Yankees lose influential coach to Mets in bizarre November poaching

What the...

Arizona Diamondbacks v New York Mets
Arizona Diamondbacks v New York Mets | Jim McIsaac/GettyImages

On Monday morning, when Aaron Boone hinted at "1-to-2 coaching staff changes," the nature of which he didn't want to reveal, most Yankees fans celebrated the team apparently reacting to their obvious need for alterations to their infrastructure.

Maybe they'd take a look at replacing third base coach Luis Rojas, on the brunt end of some of the season's worst sends and supposedly in charge of some of the Yankees' quality control. Maybe they planned to evaluate the team's poor baserunning, but didn't feel comfortable speaking on a change until it was set in stone.

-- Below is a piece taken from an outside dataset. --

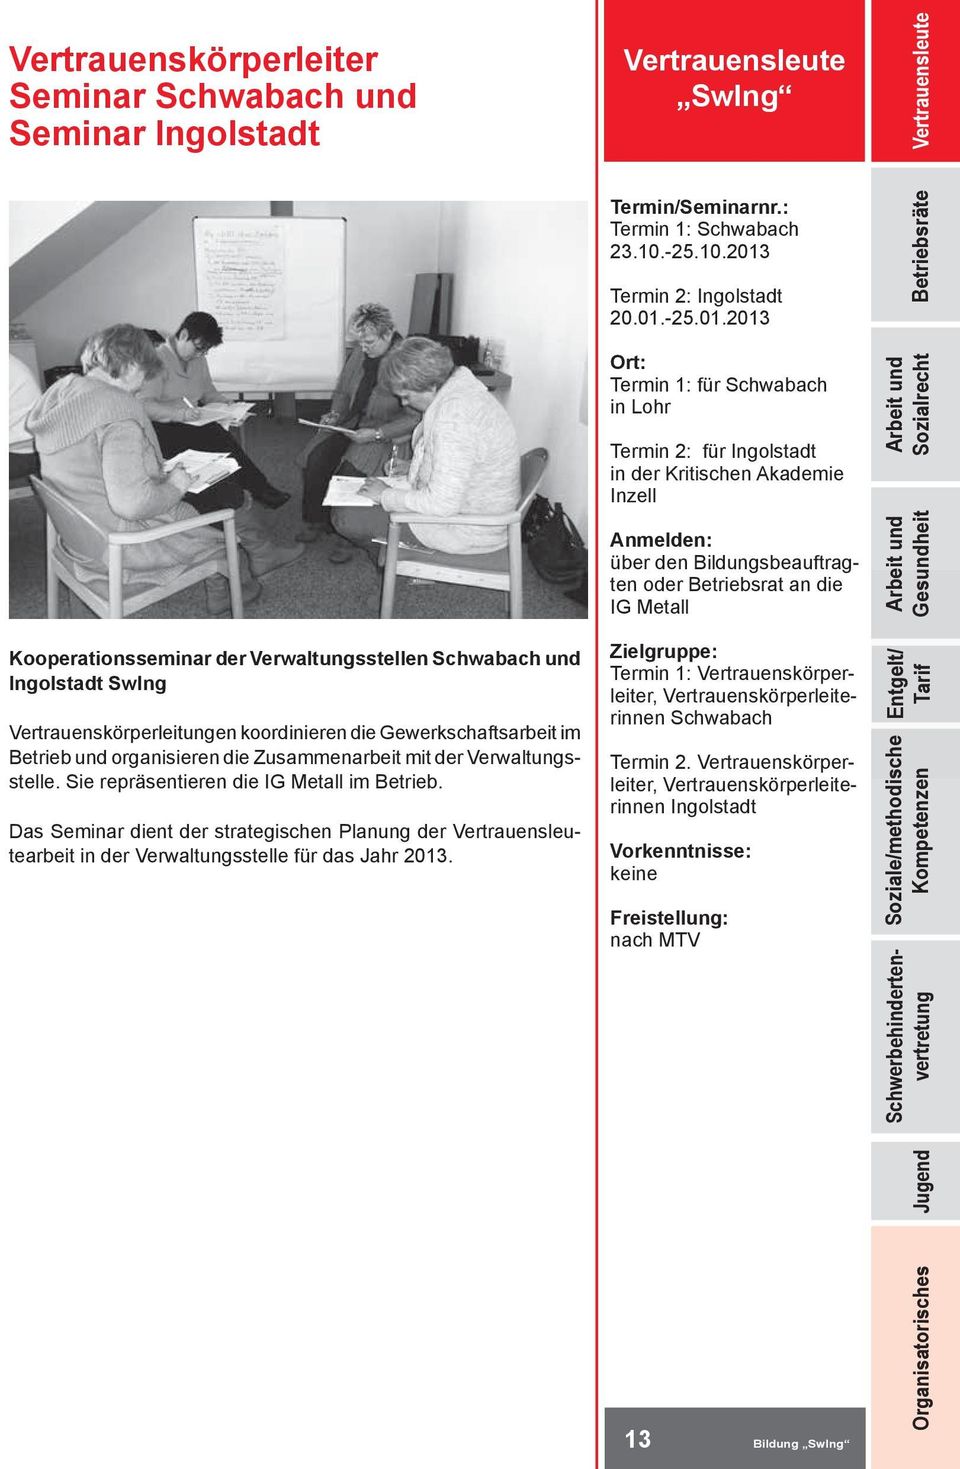 Das Seminar dient der strategischen Planung der Vertrauensleutearbeit in der Verwaltungsstelle für das Jahr 2013. Vertrauensleute SwIng Termin 1: Schwabach 23.10.-25.10.2013 Termin 2: Ingolstadt 20.

While an additional change could still be coming down the pike, it now seems like Boone was hinting at another team poaching the Yankees' talent rather than the Yankees exerting their agency and making necessary moves.

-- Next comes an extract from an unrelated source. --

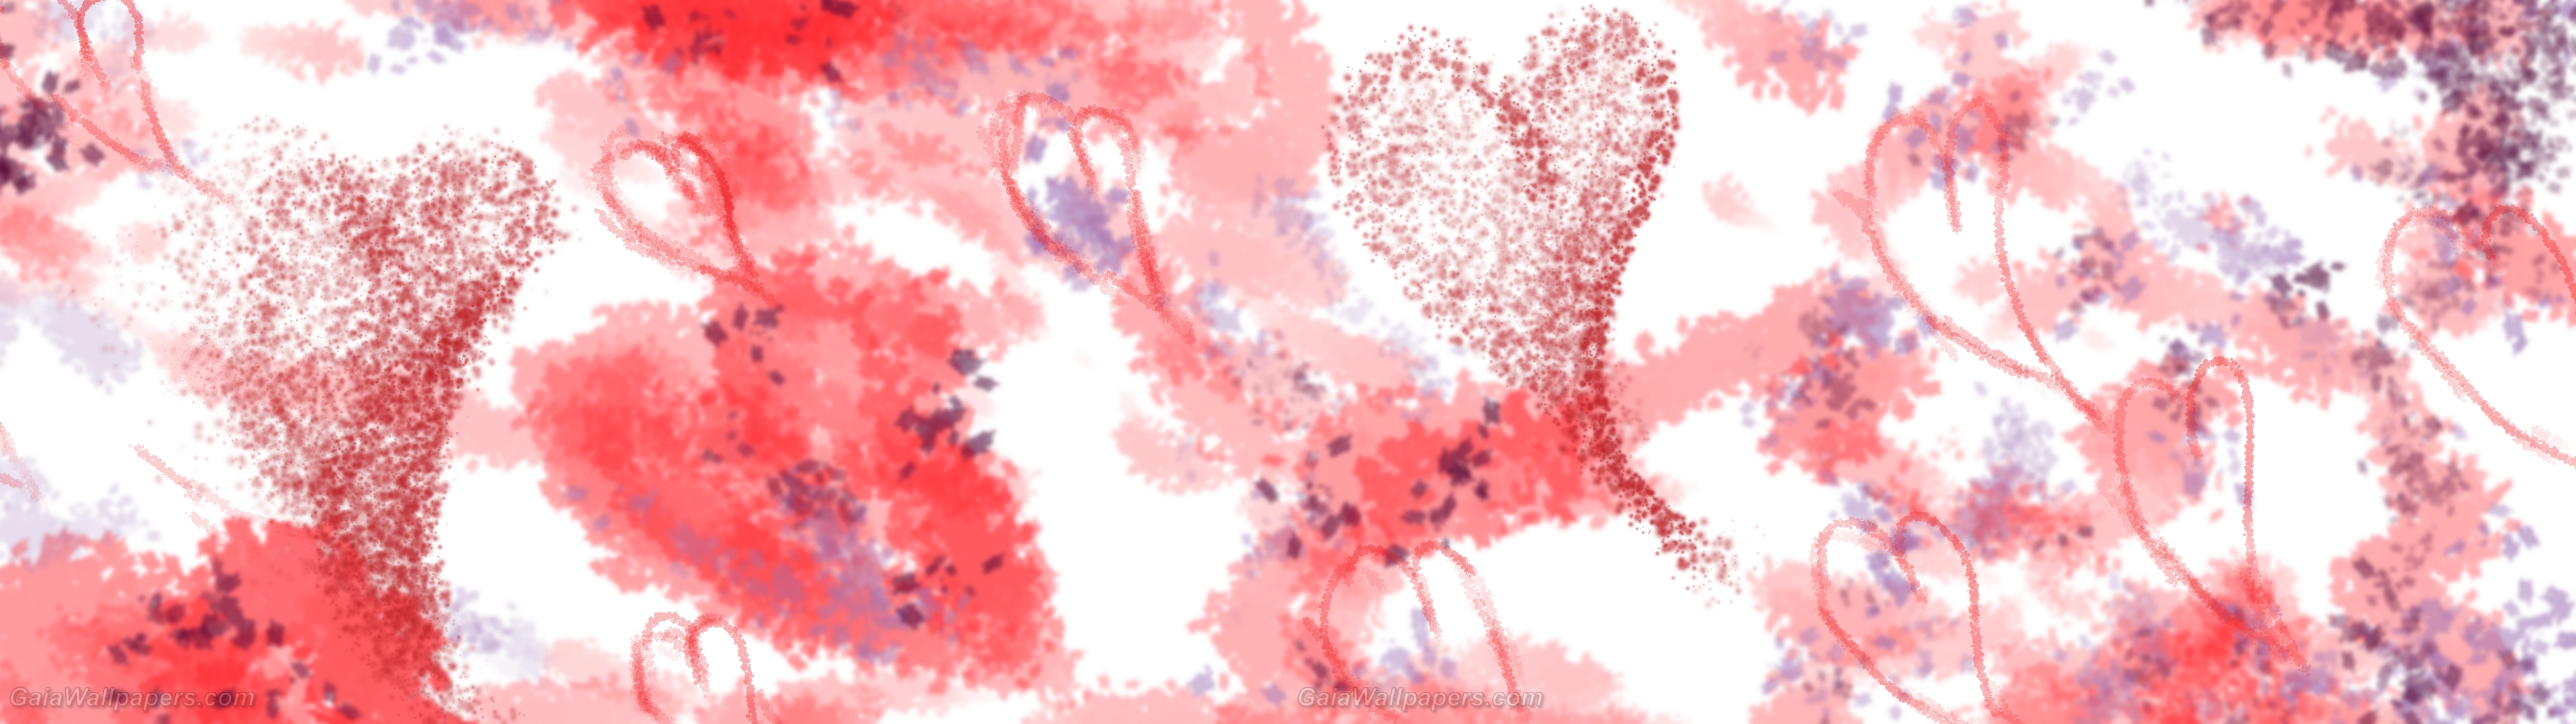 Aquarelle abstraite de Saint-Valentin - Fonds d'écran gratuits

According to Andy Martino, the Mets are hiring Yankees assistant pitching coach Desi Druschel to be their ... assistant pitching coach. Maybe we're in the wrong here, but don't coaches usually only leave organizations freely when they're given opportunities to be elevated elsewhere? This feels like a lateral move? Clearly, either Druschel really wanted to leave the Yankees for their crosstown rivals, or the Yankees had no interest in halting such a move.

Why did Yankees coach Desi Druschel leave for lateral move with Mets?

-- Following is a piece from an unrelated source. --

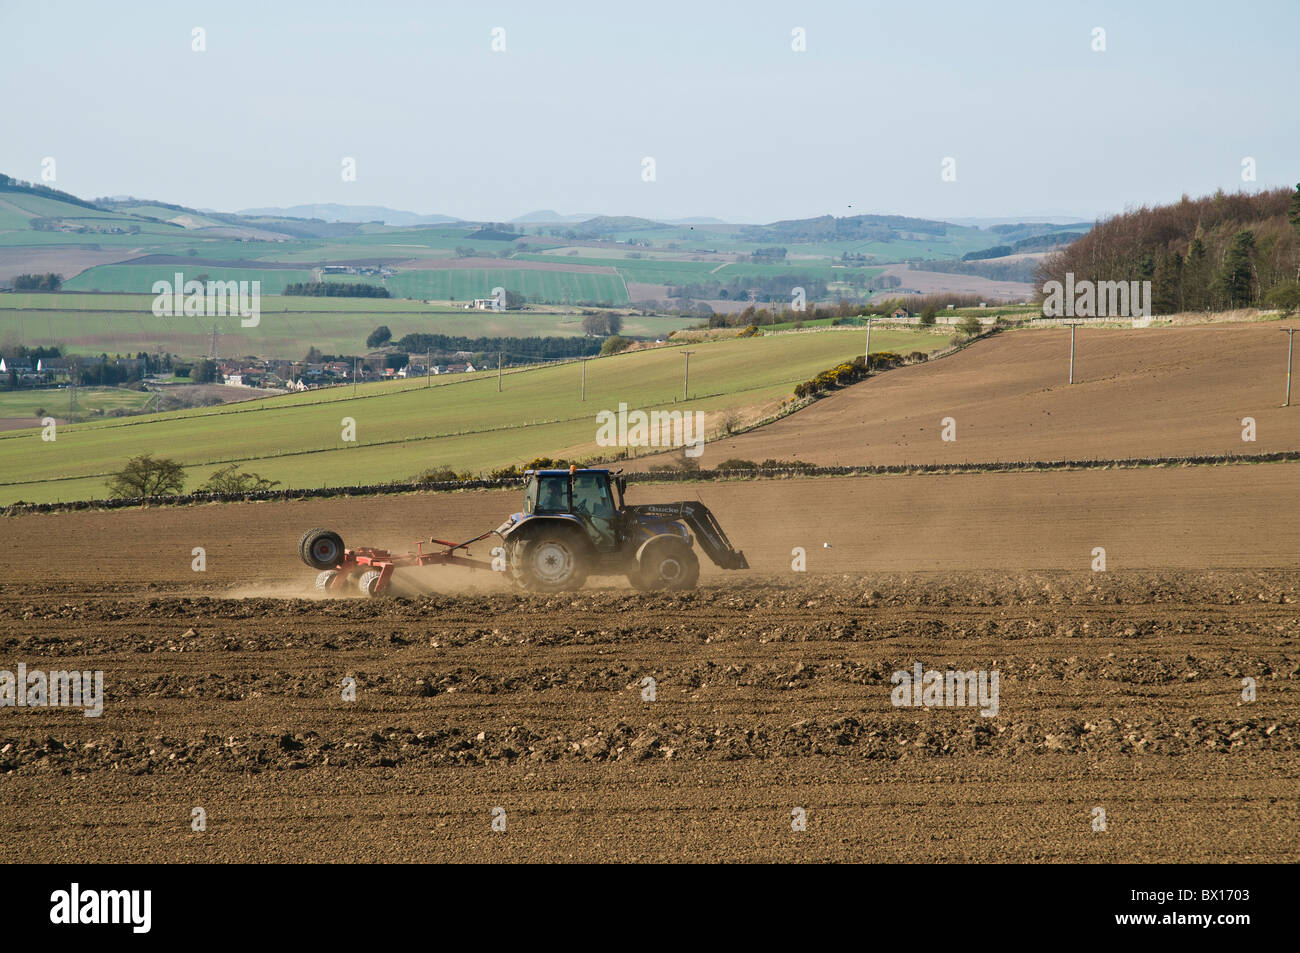 dh AGRICULTURA FIFE Tractor escocés Raqueo campo arado valle escocia labranza máquina Foto de stock

Druschel was first hired by the Yankees' organization in 2019, but was elevated to join the big-league staff as one of Matt Blake's lieutenants after the 2021 season, a campaign that, uh, didn't go so well. At the time, Druschel was cited as a "brilliant" mind whose expertise went beyond the realm of analytics, likely included in coverage as a panacea to all the worry warts who thought the Yankees were hiring exclusively number crunchers.

Whatever mix of expertise the Yankees' pitching braintrust chose to rely on since that moment in time is clearly working. New York's been able to develop unheralded names into bullpen workhorses time and again, even if they've struggled to replicate the same success with rotation unknowns. That development process has saved the Yankees' free agent money, which seems to be especially important considering the current self-imposed budget cap. The Yankees' 2024 draft class, which consists almost entirely of project pitchers with impressive heaters, was probably made under the assumption the whole team would be sticking together for a while.

Instead, Druschel has bolted for the Mets, presumably with a raise, but without a title change; he'll remain Jeremy Hefner's assistant pitching coach. Hopefully, Matt Blake is able to shoulder the load in his absence.